> [Task details]
What is needed is an exact reproduction of the lines in the records below, starting at the line with "Корабли постоят слушать." and ending at the line with "Dom Moacir foi", both included, and nothing else; pictures stay out.

> [Information shown]
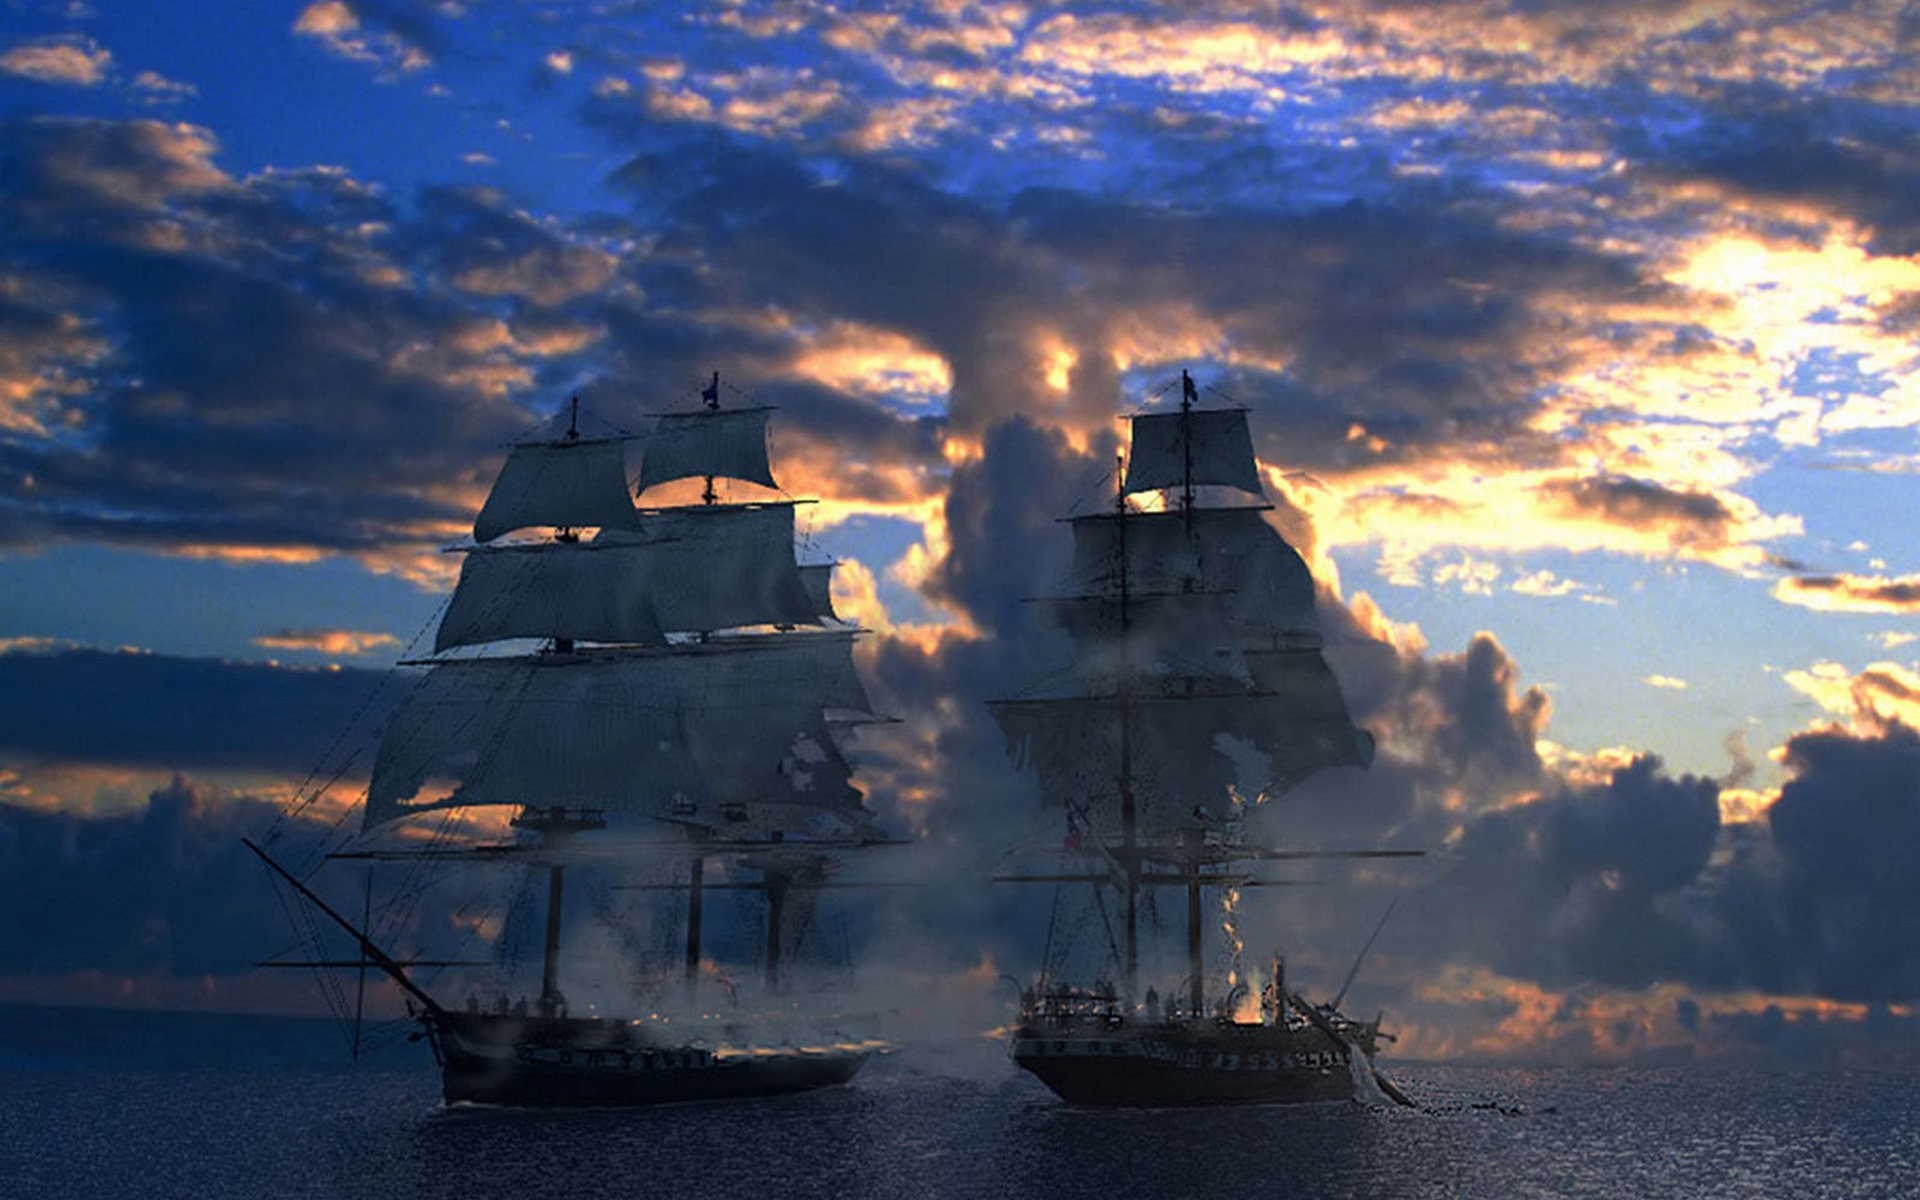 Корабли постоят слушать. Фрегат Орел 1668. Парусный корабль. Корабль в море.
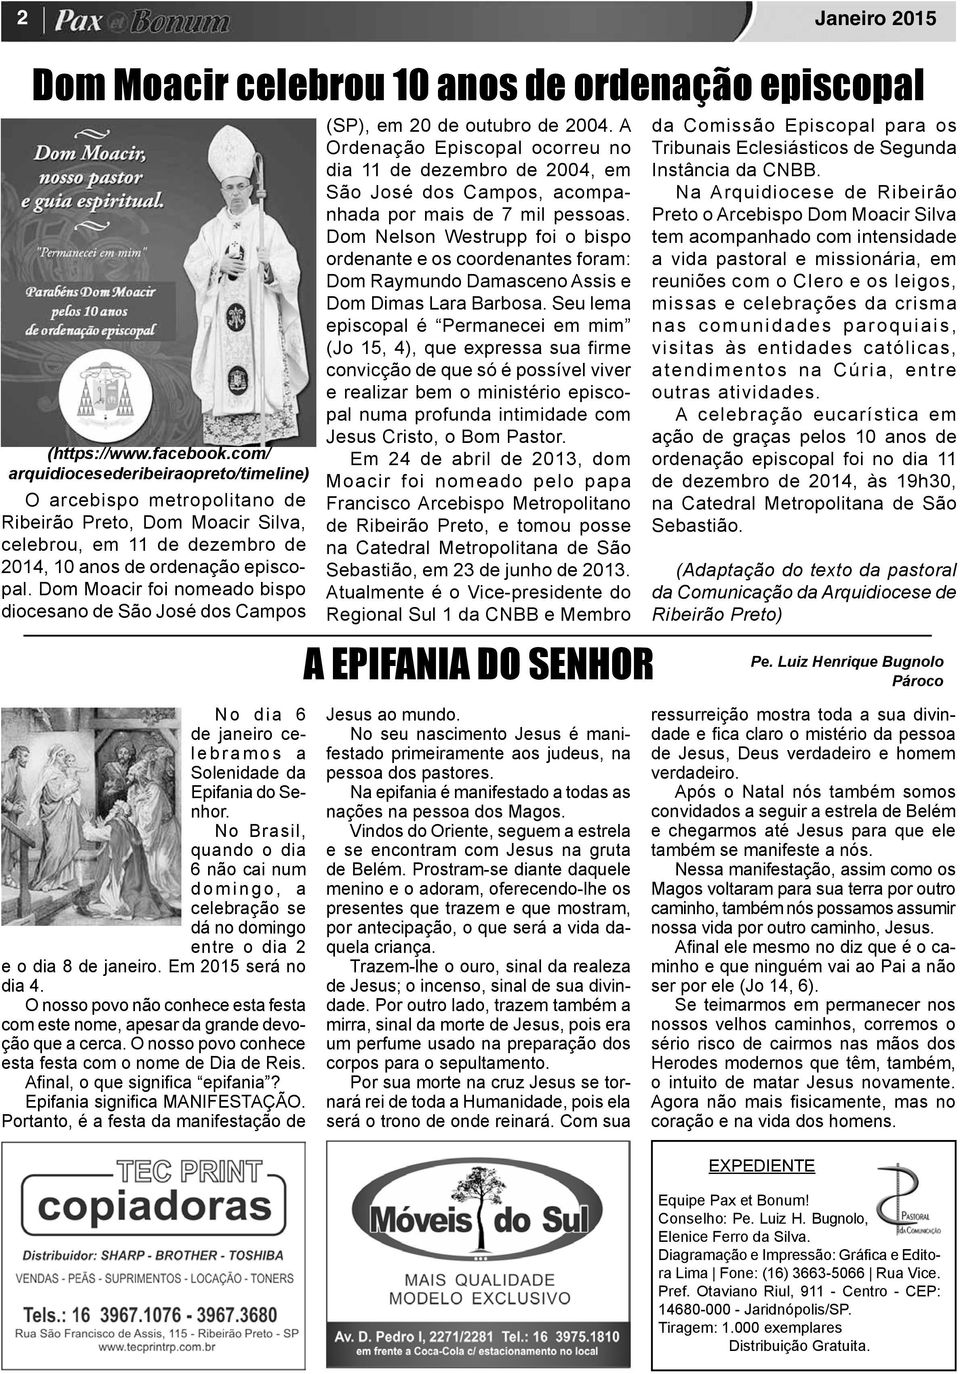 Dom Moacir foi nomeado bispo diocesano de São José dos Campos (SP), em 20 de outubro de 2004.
==
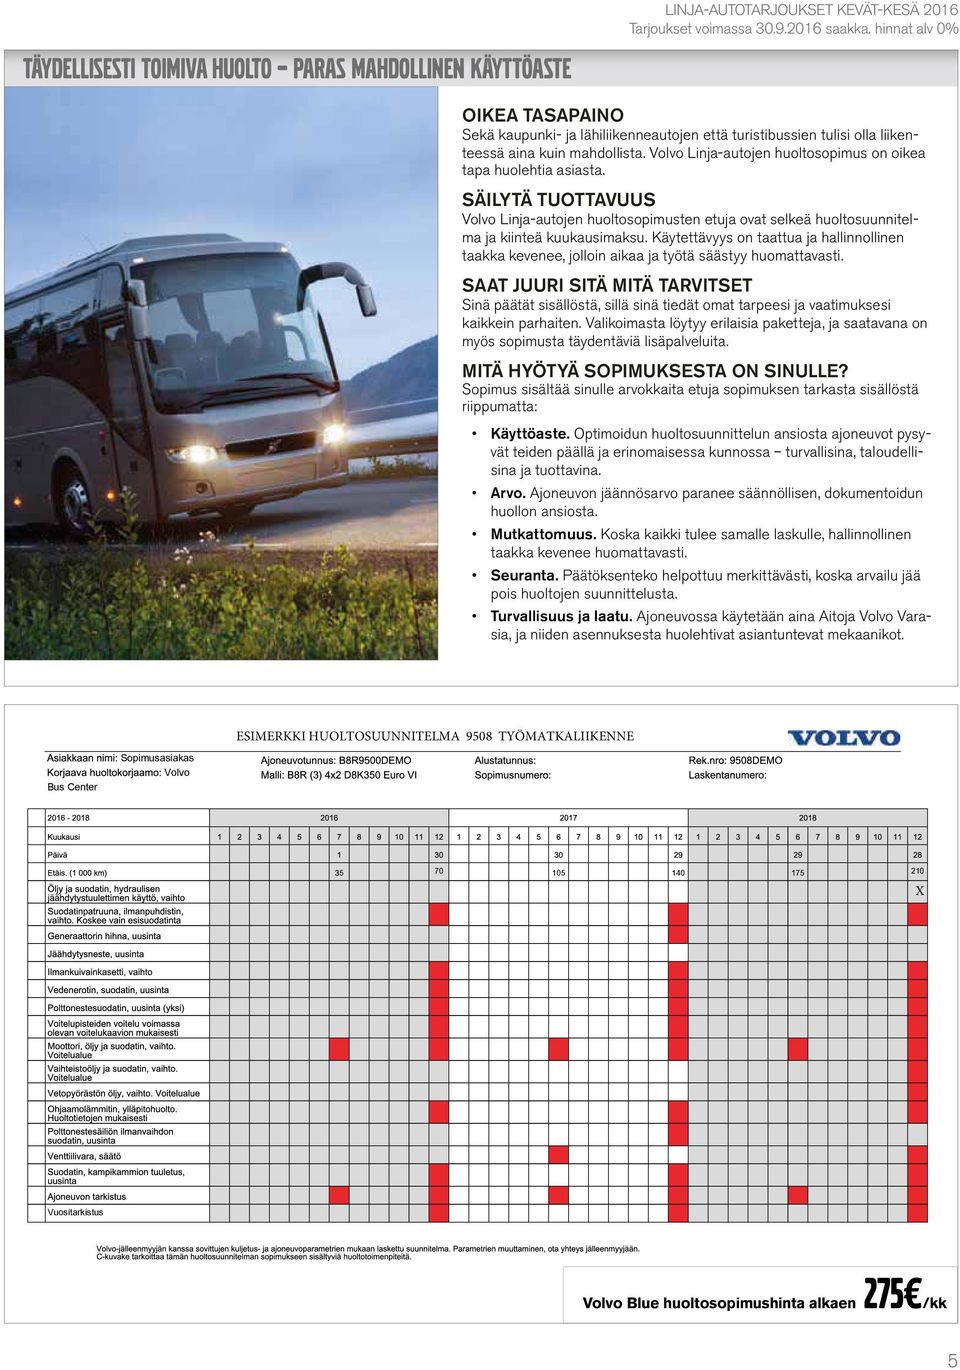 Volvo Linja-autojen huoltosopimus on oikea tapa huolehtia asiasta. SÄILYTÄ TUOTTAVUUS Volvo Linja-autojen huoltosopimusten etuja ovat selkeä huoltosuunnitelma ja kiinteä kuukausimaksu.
...
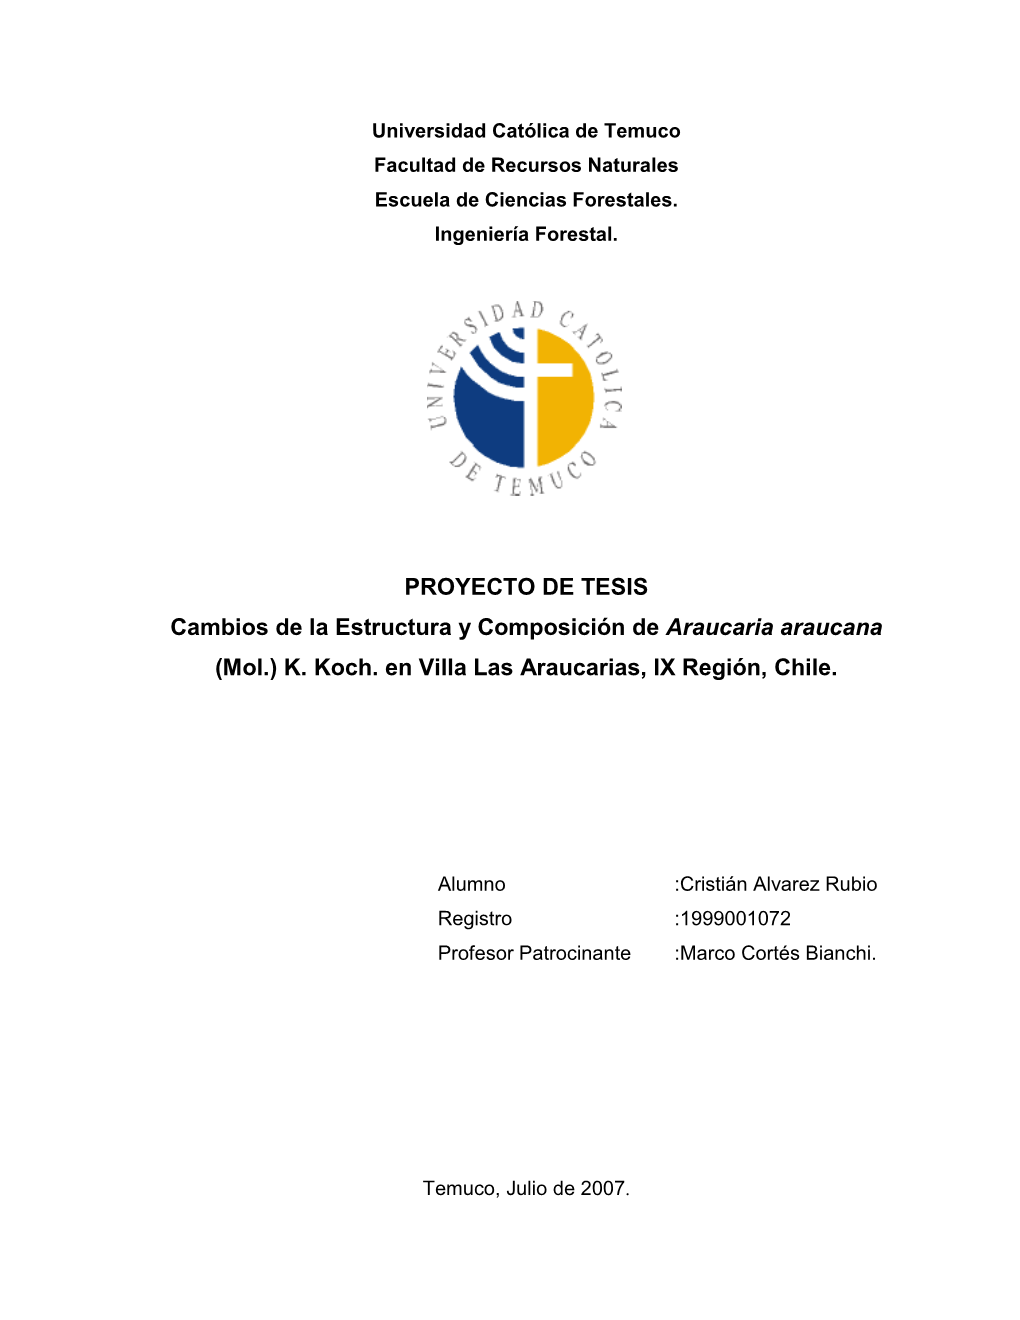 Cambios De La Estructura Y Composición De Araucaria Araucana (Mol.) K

> [Result for this exercise]
 Корабли постоят слушать. Фрегат Орел 1668. Парусный корабль. Корабль в море.
 Dom Moacir foi nomeado bispo diocesano de São José dos Campos (SP), em 20 de outubro de 2004.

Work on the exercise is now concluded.